Information shown >>
○ ○ ○ ○

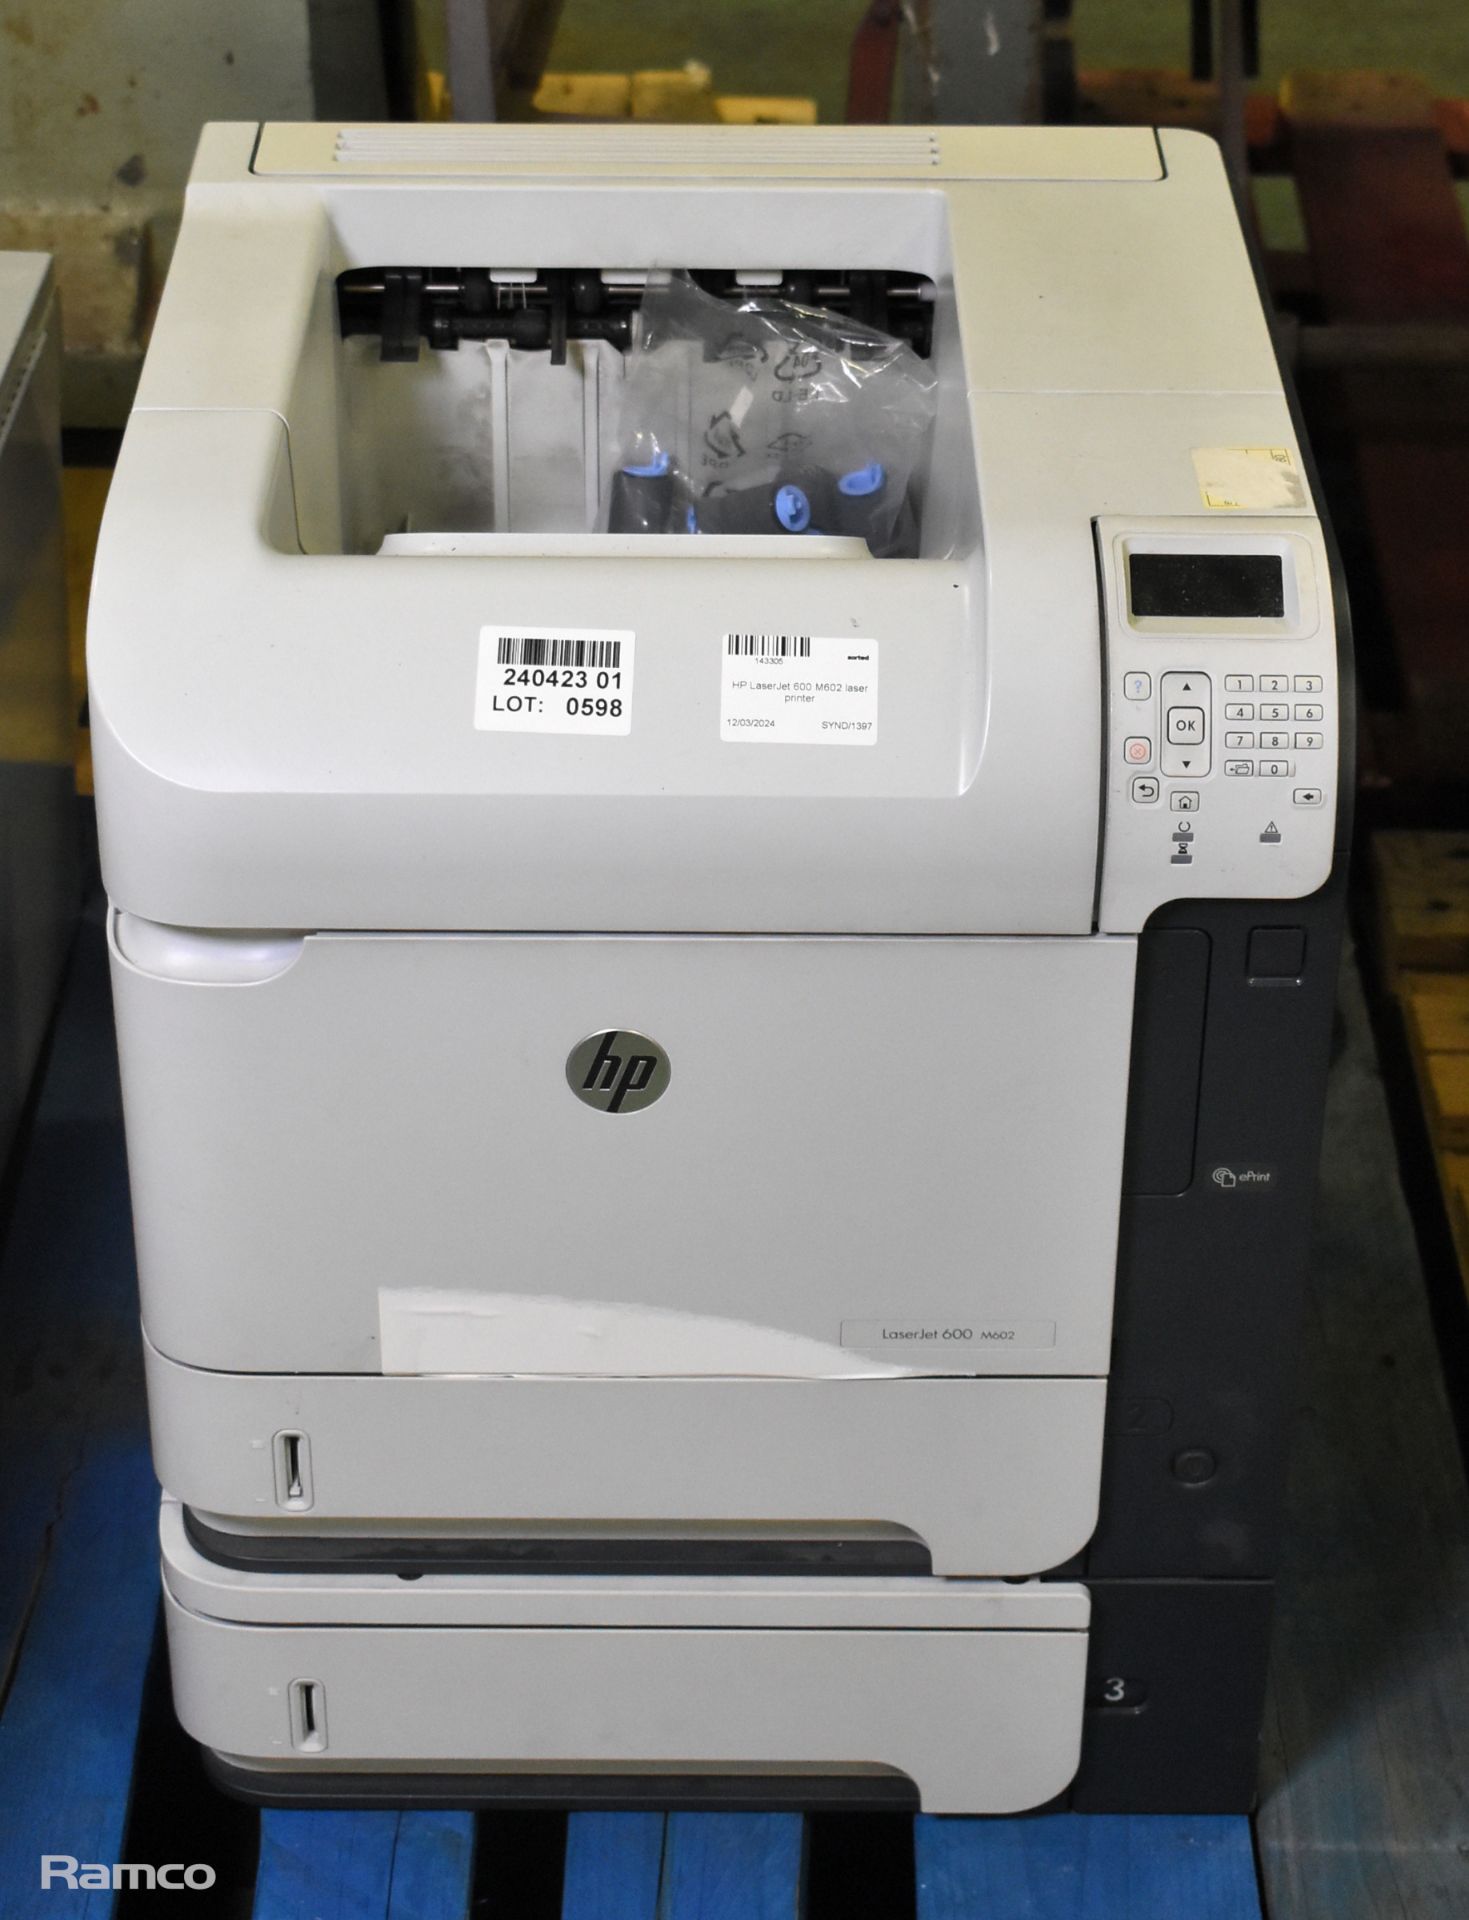 HP LaserJet 600 M602 laser printer
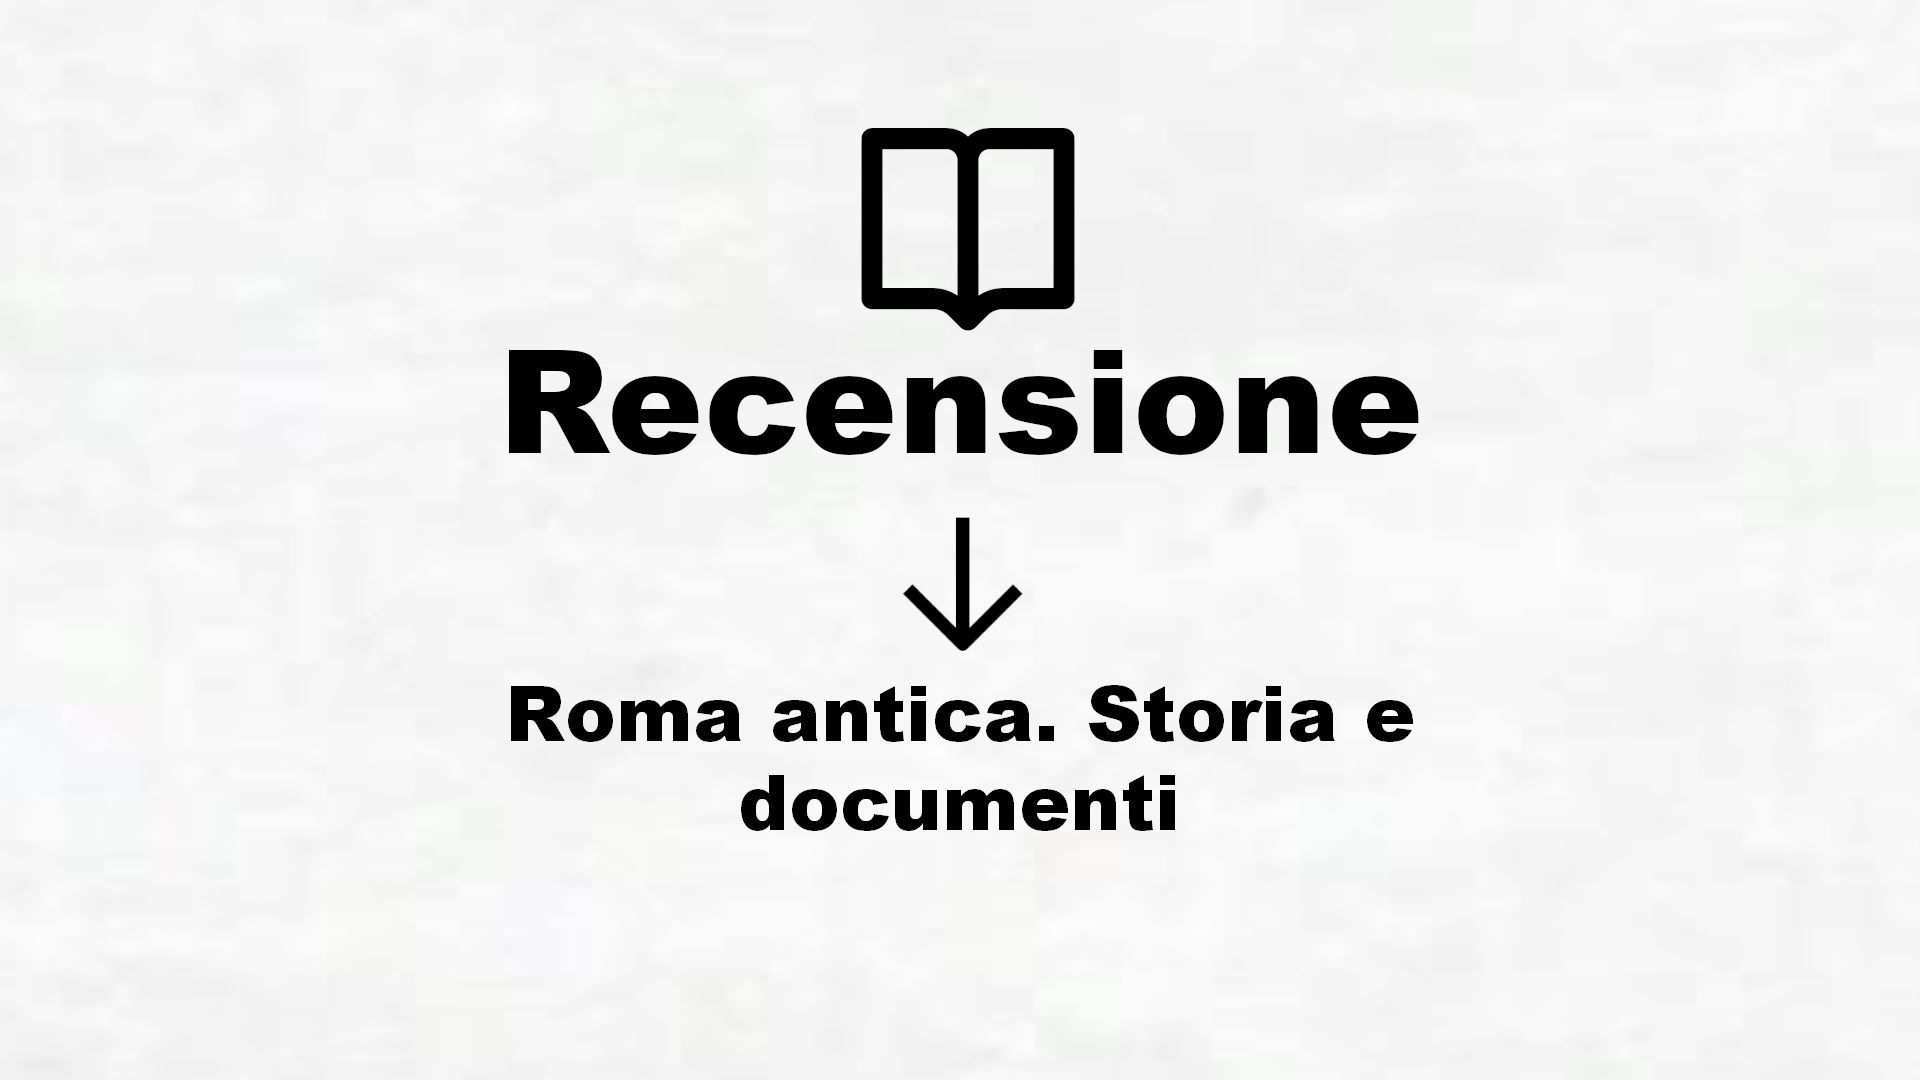 Roma antica. Storia e documenti – Recensione Libro
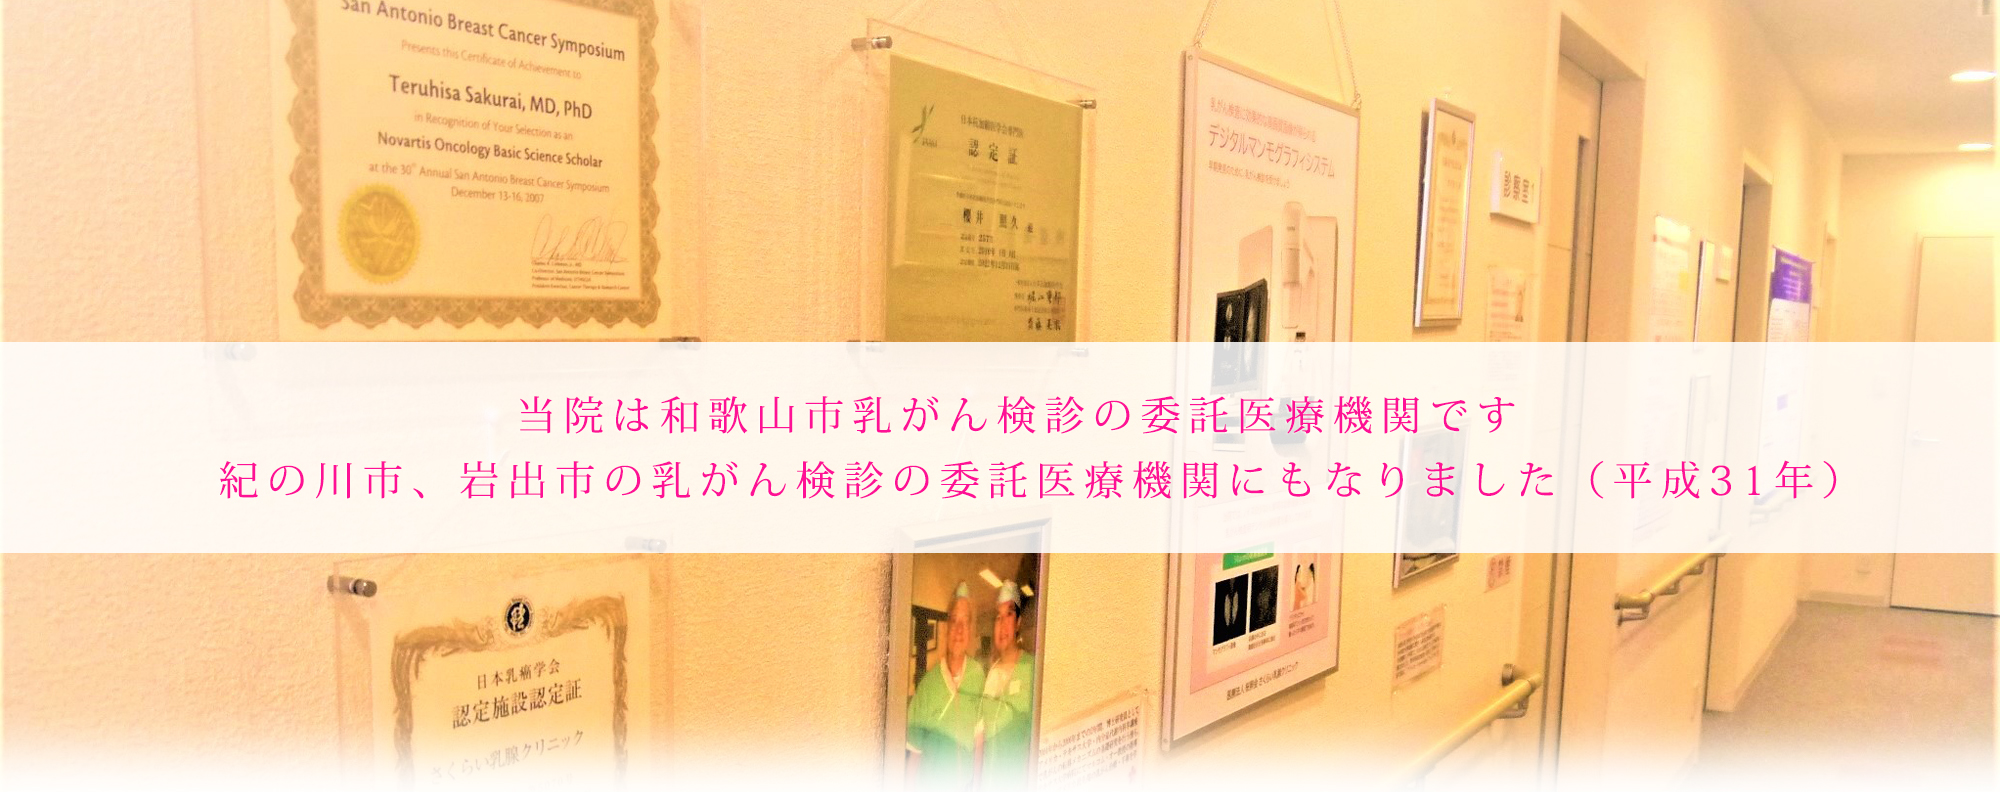 和歌山県下唯一の日本乳癌学会認定施設の乳腺専門クリニック
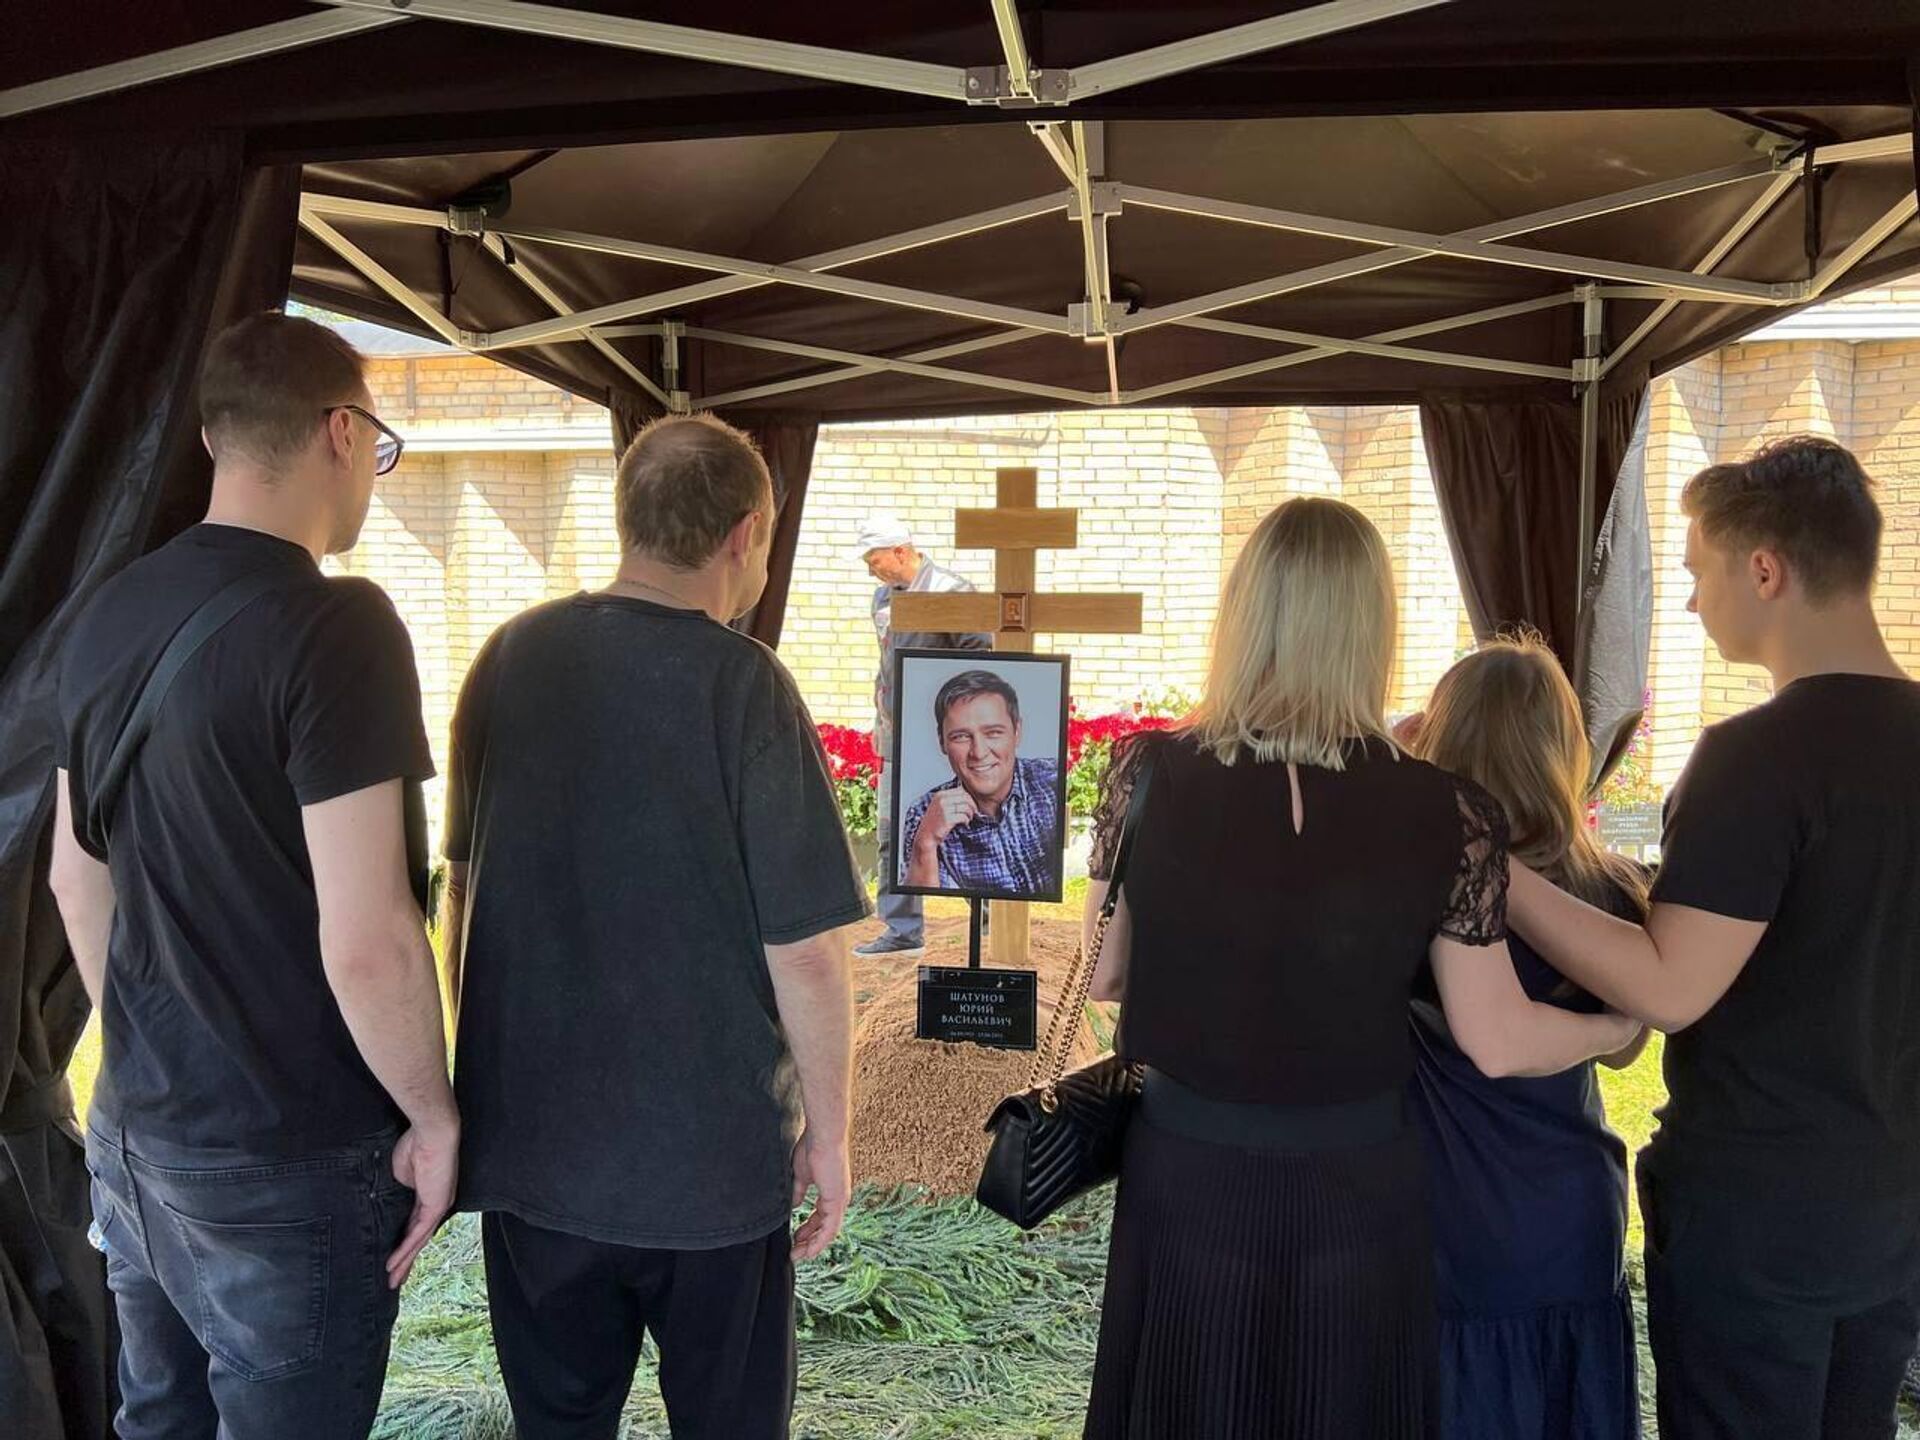 Похороны навального была ли жена и дети

○ ○ ○ ○

Exercise aim >>
Repeat the material exactly. Skip the images.

Exercise response >>
 HP LaserJet 600 M602 laser printer
 Roma antica. Storia e documenti – Recensione Libro
 和歌山県下唯一の日本乳癌学会認定施設の乳腺専門クリニック
 Похороны навального была ли жена и дети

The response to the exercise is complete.